[Records shown]:
++++++++++

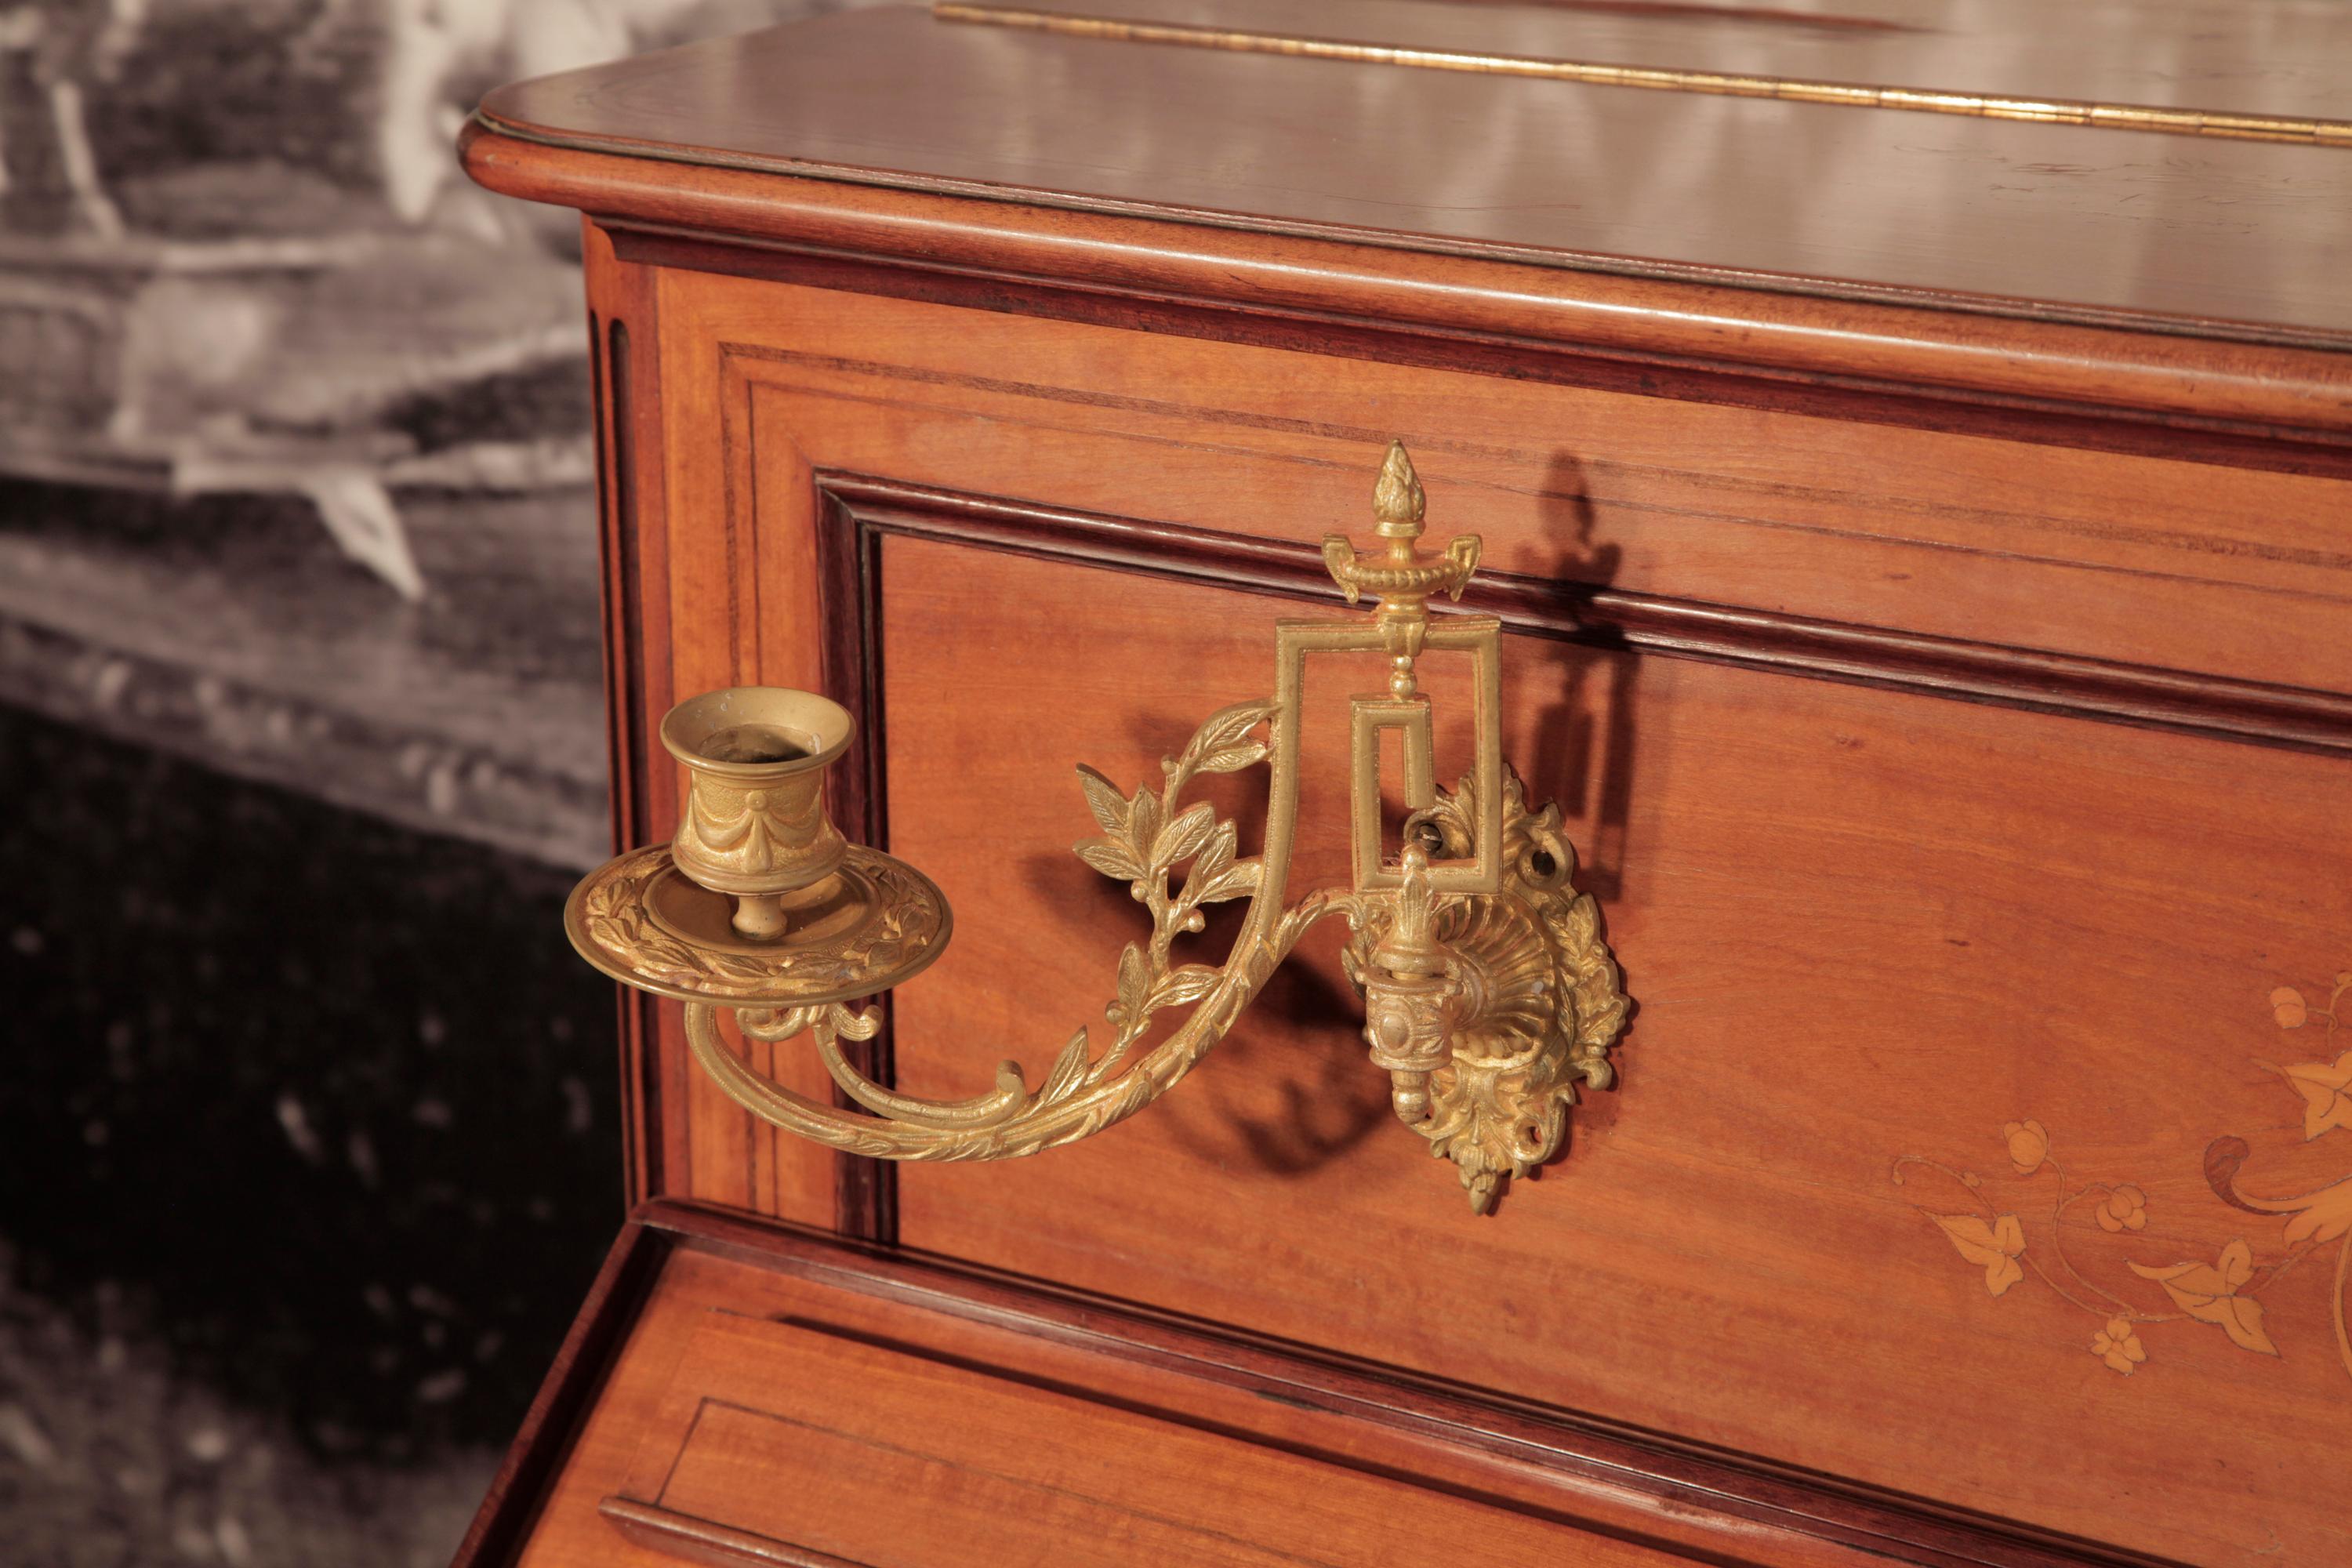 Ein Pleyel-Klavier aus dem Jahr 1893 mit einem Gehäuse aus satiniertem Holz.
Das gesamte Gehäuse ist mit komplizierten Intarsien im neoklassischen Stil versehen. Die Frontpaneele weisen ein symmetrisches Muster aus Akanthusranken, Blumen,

++++++++++

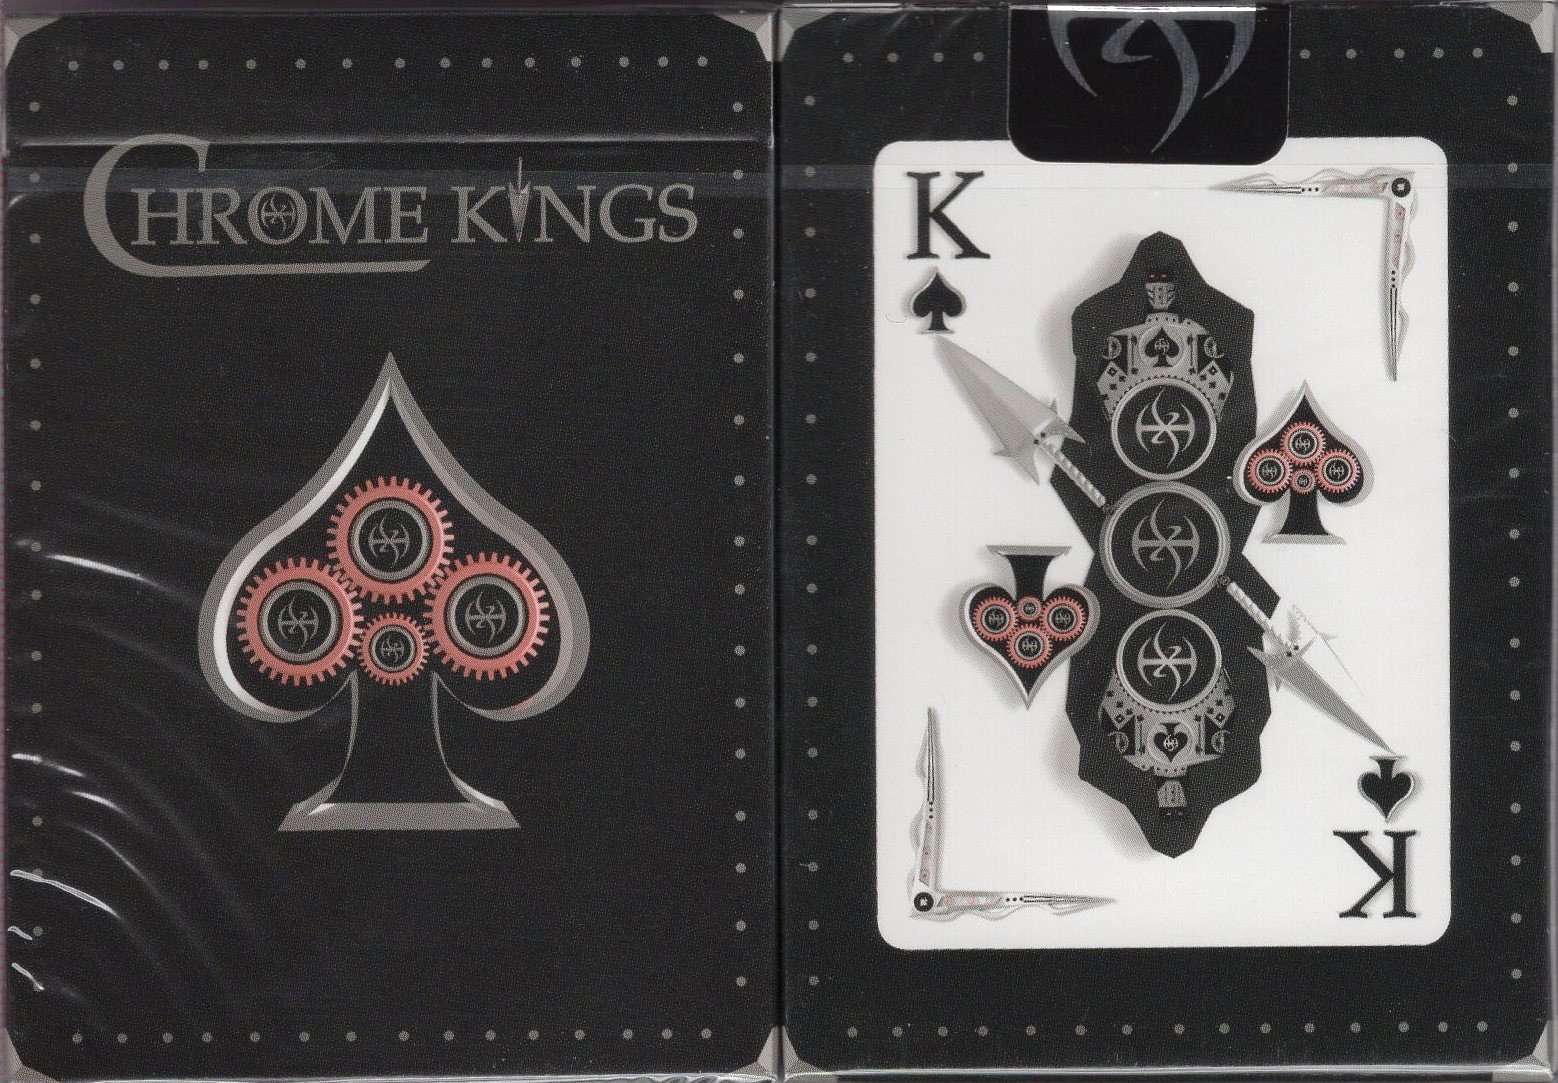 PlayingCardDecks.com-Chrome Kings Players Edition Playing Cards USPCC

++++++++++

[To do]: Only one stretch of the material above is wanted: the line containing "Ein Pleyel-Klavier aus" through the line containing "Das gesamte Gehäuse". Restate it word for word, minus the pictures.

[Your response]:
 Ein Pleyel-Klavier aus dem Jahr 1893 mit einem Gehäuse aus satiniertem Holz.
Das gesamte Gehäuse ist mit komplizierten Intarsien im neoklassischen Stil versehen. Die Frontpaneele weisen ein symmetrisches Muster aus Akanthusranken, Blumen,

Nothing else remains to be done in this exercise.